Masih dengan kebosanan
mendengar khutbah, masih enggan menyenandungkan Al-Qur’an dan masih tak kunjung
terketuk hati ini dengan keindahan Islam yang banyak orang bicarakan. Bagiku
Islam itu fleksible, tak perlu meruntut memenuhi segala kewajibannya, hanya
perlu berbuat baik terhadap sesama dan berpakaian sopan. Cukup tanpa banyaknya
deretan penjabaran perintah dan larangan.
Agamaku Islam sejak lahir,
dengan hanya berbekal ucap lisan sang ibunda yang pada dasarnya minim soal
Islam, aku melangkah sejauh ini masih tanpa tatap cinta-Nya, masih dengan
kebutaan hati yang tertutupi oleh kepuasan diri. Meski dalam hati menyadari
satu hal, ‘Aku manusia’ yang hanya akan kembali pada-Nya.

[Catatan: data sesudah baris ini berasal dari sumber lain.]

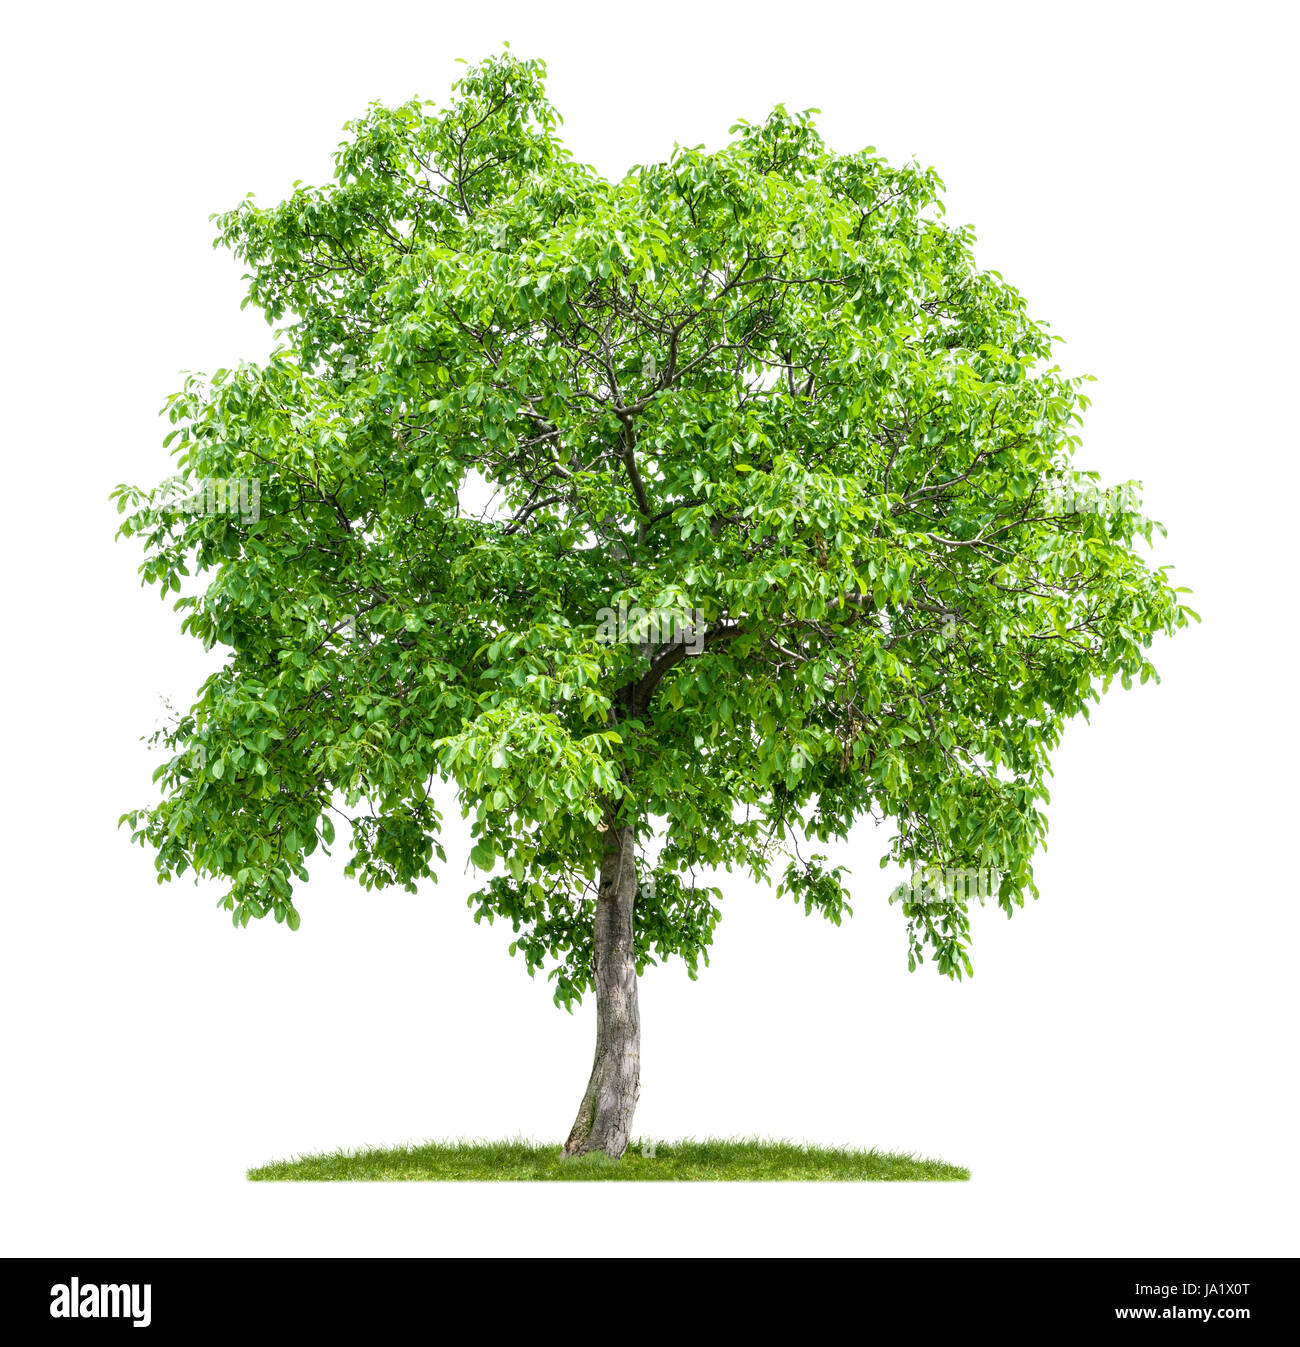 exempted walnut tree in front of a white background Stock Photo

Lalu akankah hati ini luluh
dan mencinta Islam sebagai penyempurna Iman? Tentu. Mencinta Islam secara
sempurna, mendamba surga dan merindu husnul khatimah. Terus berusaha istiqamah,
terus berlari mengejar Islam yang selama ini terabaikan dan kian menjaga
kekokohan Iman yang mulai tumbuh dalam keheningan qalbu.